I just come to realize lately this very bad pattern when I'm driving.
First of all, let me tell you my philosophy when I drive. I'm generous at giving people way. I let people change lane in front of me. As long as they give signal beforehand. That's because I'm jumpy and don't appreciate it when I got scared.
I'm also big at 'the right of way'. I honor those who came to the intersection first, and I will wait and let them pass first. I also yield when I'm going to a bigger street. I don't like it when some bozo just expects me to hit the brake just because they decided to heck with it and cut me.
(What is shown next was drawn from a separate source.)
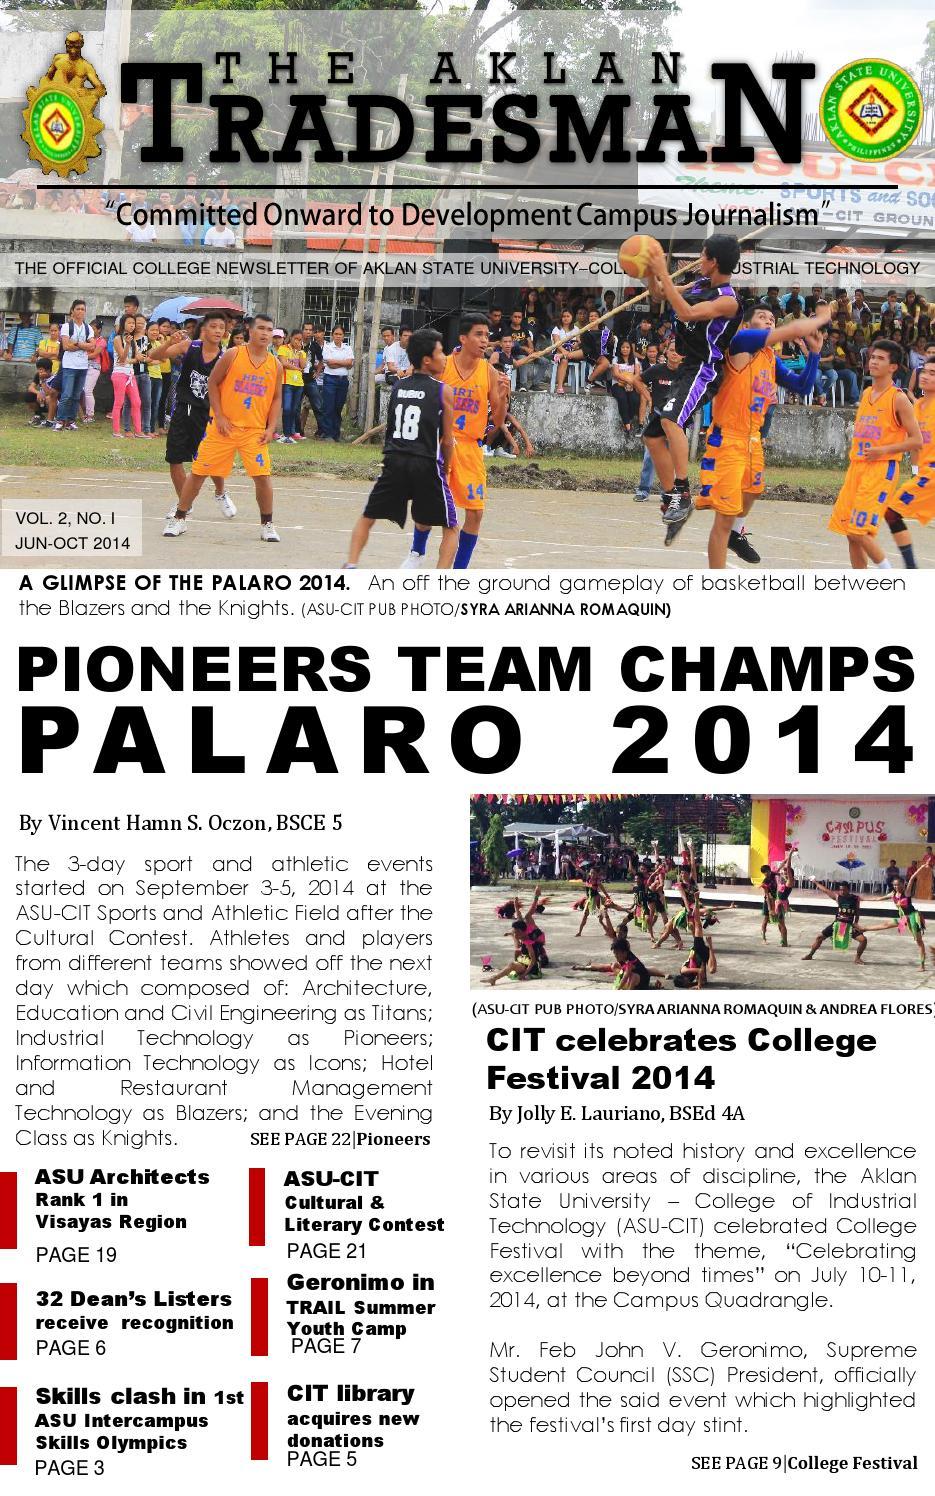 The Aklan Tradesman Newsletter (Volume 2, no 1, AY 2014-2015

Lastly, I'm a slow driver. Slow means that I obey the max speed limit. At most I would go 5 miles more than what the sign said. Why? Because I was stopped by a police officer once because I went 52 miles/ hr when I should go 40 miles/hr (thank goodness I could wiggle my way out of it. I know... I'm charming when I try to). Also, I live on the biggest street in the town and there, policemen are constantly hiding behind every single bushes they can find and jump to every car that passes by with speed more than the limit. If I get a dime for every police car I see on my way back and forth to the office, I'd be rich.
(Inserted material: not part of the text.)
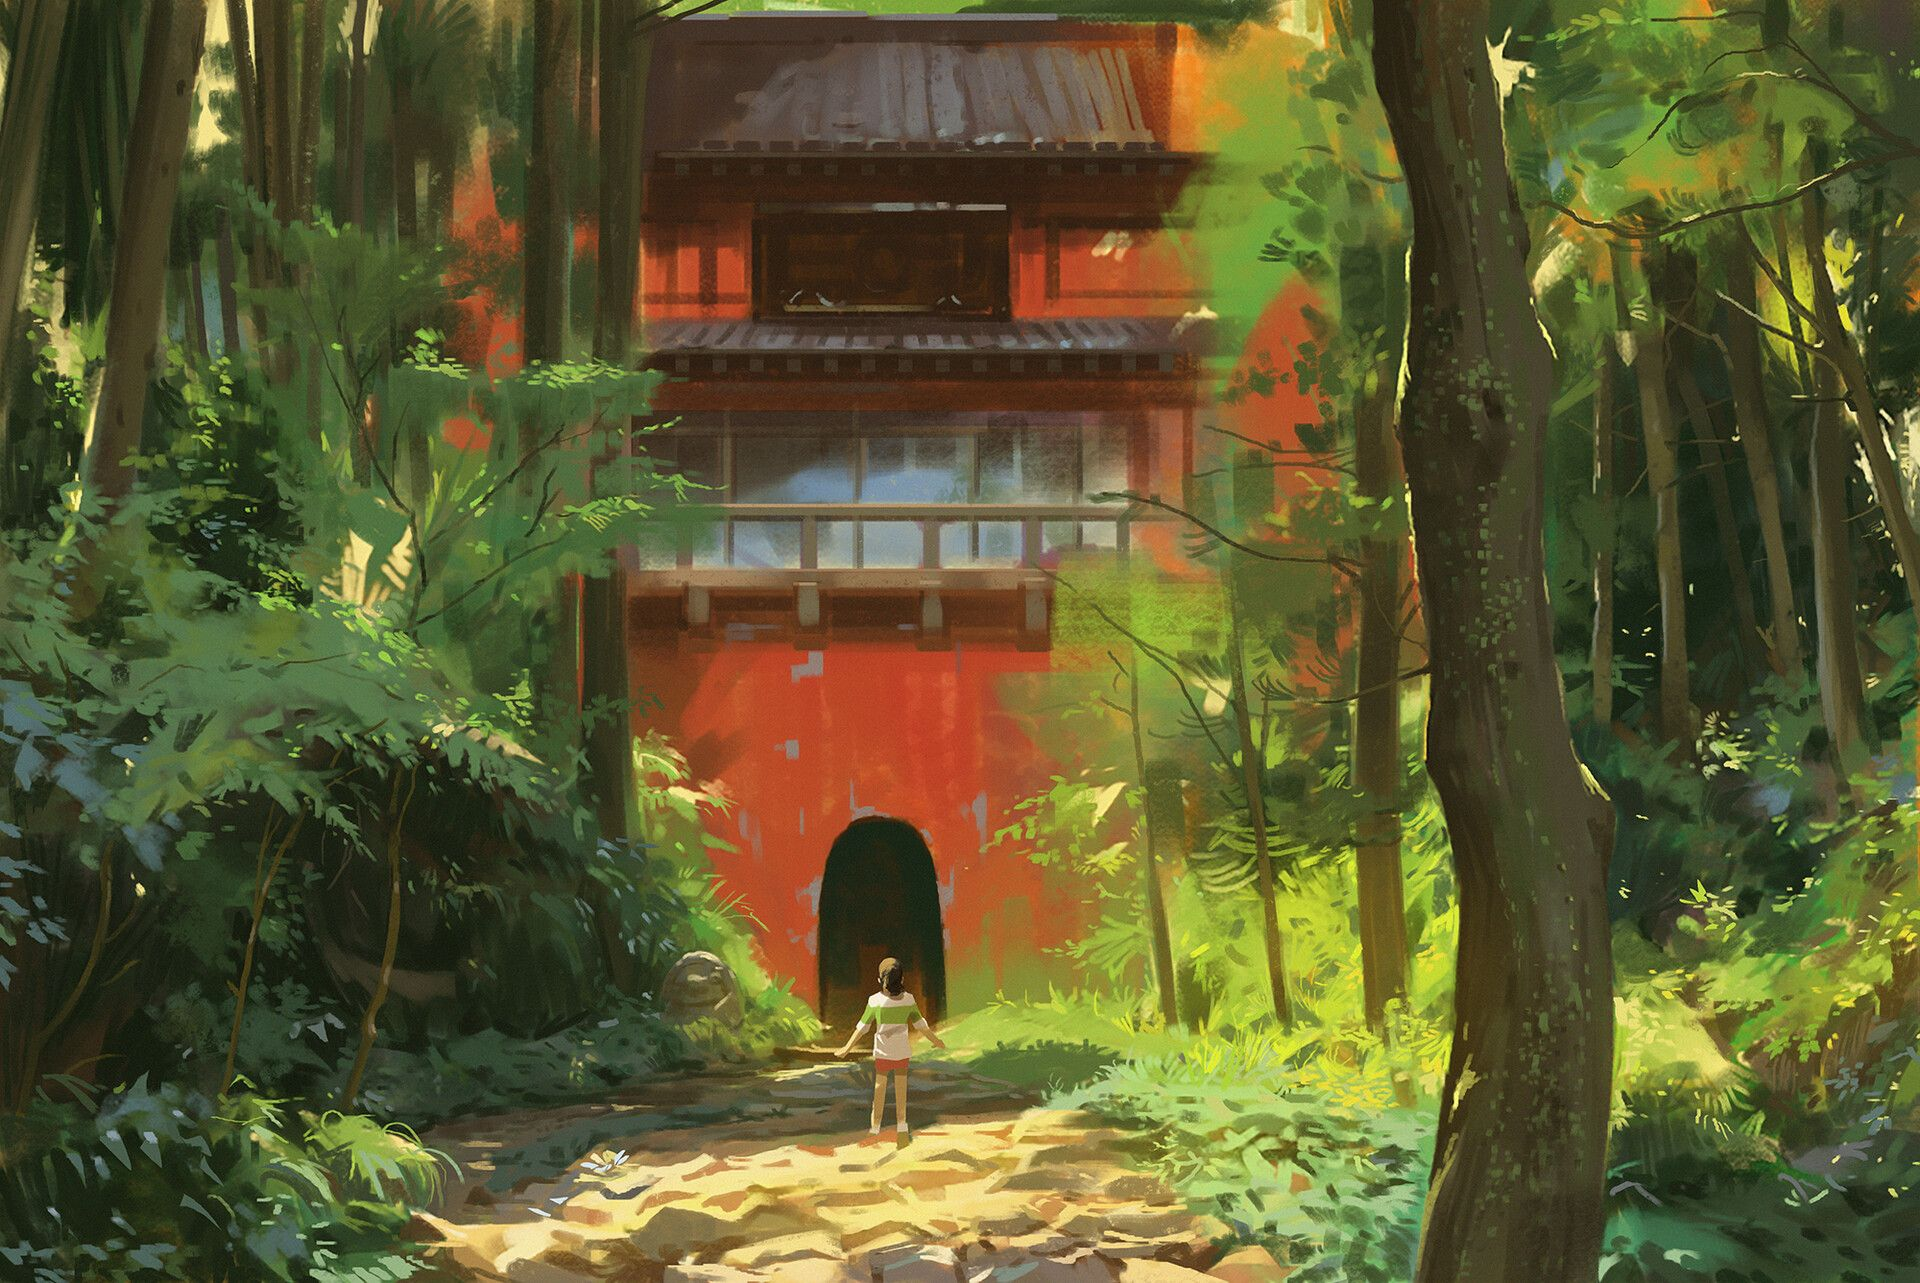 Https Www Artstation Com Artwork Z5mvpx Spirited Away Studio Ghibli Scenery

So, given my mental situation. It is bad to cut me. I will honk you like crazy and chase you down and give you angry expressions. I consider it very impolite. No manner at all.
So, never cut me.
Once, I was driving on the slowest lane and this car behind me just pass me by and cut me right in front of my nose. I think I know why he did it and that's because I wasn't fast enough. But heck, I was going 40 when the sign said 'speed limit 40'.
If you want to go faster, then be my guess and pass me by. I won't get mad.
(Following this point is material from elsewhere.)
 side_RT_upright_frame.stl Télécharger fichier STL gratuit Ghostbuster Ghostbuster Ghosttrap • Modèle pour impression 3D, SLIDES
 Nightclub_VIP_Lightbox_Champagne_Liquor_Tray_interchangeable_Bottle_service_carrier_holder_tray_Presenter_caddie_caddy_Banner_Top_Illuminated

But don't pass me by and cut my lane only a few feet way from my car.
That day, I got so mad that I chased him down and not realizing that I already passed my apartment.
Yeah. I'm crazy like that.
It's not recommended though. I turned my boyfriend white the other day when someone cut my lane.
I'm a road-rager.
My temper has always been sort of my weakness. The more I think about it, the more I started to remember all the similar kind of outbursts: like that guy I chased (together with the equally crazy roommate) because he groped my butt, or the bus I chased back home because it hit my dad's car & it attempted to run away (yes, I ran and chased it and hopped into the bus and yell at the driver to stop).
I turned my dad white that day.
Later that night, my dad knocked at my room, came in and hug me and said: "I really really appreciated what you did, Honey, but next time, just let it go, okay?"
So, hi everyone, my name is Bluecactus, and a I'm a road-rager trying to recover.